Most of your customers are likely to use Microsoft Internet Explorer or Netscape Navigator, and both platforms offer predictable, reliable presentation of HTML content.

AOL is a different matter. Until the latest version, 6.0, it used a unique version of e-mail formatting, which has required a separate AOL-specific version for each message. AOL 6.0, however, fully supports HTML. The current versions of Microsoft Outlook and Outlook Express display HTML correctly, but older versions of Outlook displayed only the plain text portion of a multi-part message. Finally, there are e-mail clients such as Pine, and older versions of Outlook, Lotus Notes and Eudora that incorrectly display HTML or cannot handle it at all.

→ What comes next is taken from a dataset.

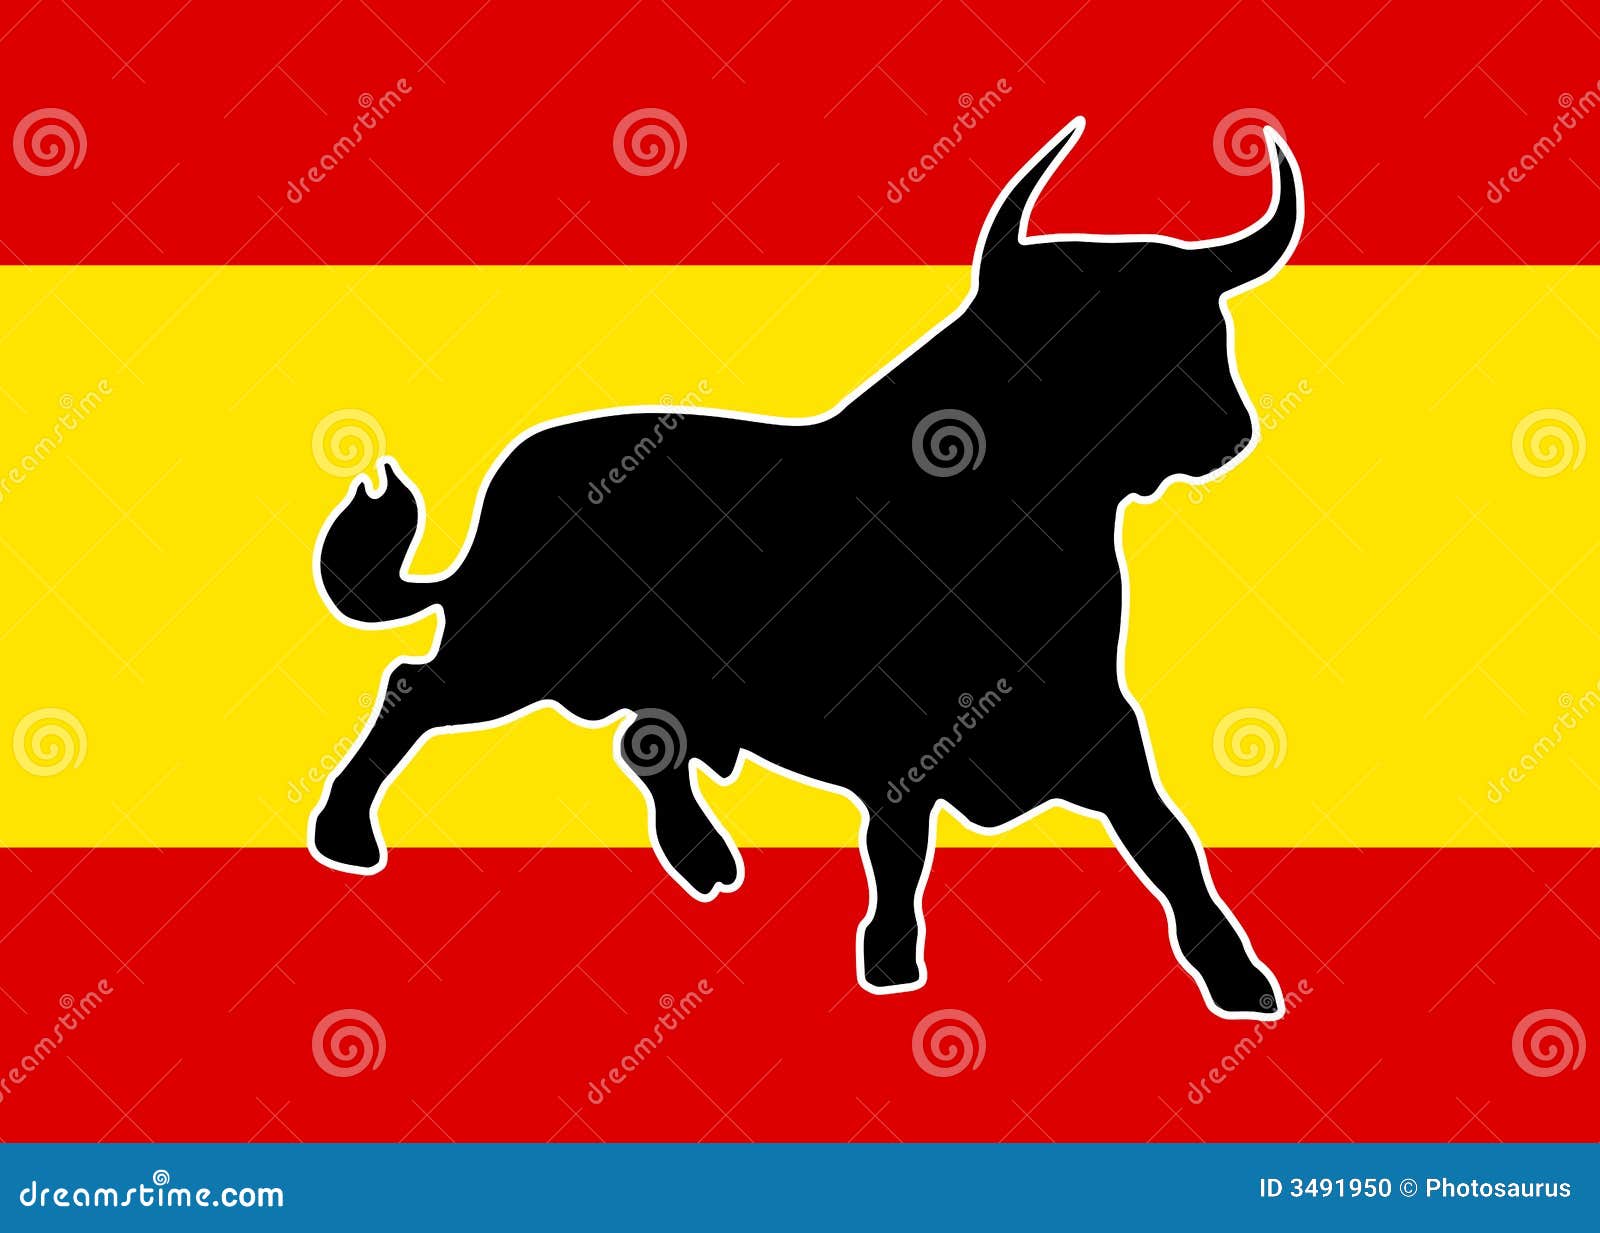 black bull with white border

Much also depends on the bandwidth and versions of the e-mail browsers used by your customers. Those with a cable or DSL modem are likely to be able to receive rich media enhanced e-mails complete with streaming audio and video, or Flash animations. Those with dial-up modems are less likely to appreciate the degraded quality of their low-bandwidth versions of rich content.

Other issues arise when you try to deliver messages in foreign languages or include 8-bit characters such as © (the copyright symbol) within the message. Such 8-bit characters require an added layer (and subsequent unpredictability) of message encoding and decoding by the recipient’s e-mail client software.

Use of JavaScript in an HTML message can cause problems, too, because many e-mail servers are configured automatically to reject messages containing JavaScript (which is a common method for propagating e-mail-borne viruses). Others might try to “de-fang” the JavaScript, resulting in the message not being delivered as you intended.

Your customers might complain of links within the message that do not work. This can happen for several reasons:

o The URL link within the message might be wrong, pointing to the wrong page or a broken one.

o The linked Web page might not yet have been uploaded to the Web server, or might have been moved.

o If a URL within a plain text message was too long, it might have been wrapped onto a second line by the e-mail client software and therefore doesn’t work correctly.

o Sometimes, because of encoding that occurred during message relay and improper decoding on receipt, your links do not work.

You can never expect 100 percent delivery of any e-mail campaign. But you will get a very accurate picture of where the errors occurred, and you can forearm your customer service staff to handle some of the questions that will arise.

Though it can cause an unexpected level of novel, and unpredictable, customer inquiries, you should view this extra accountability as an asset. After all, when was the last time the U.S. Postal Service provided you with a blow-by-blow account of its failed deliveries and gave you the chance to improve the customer experience?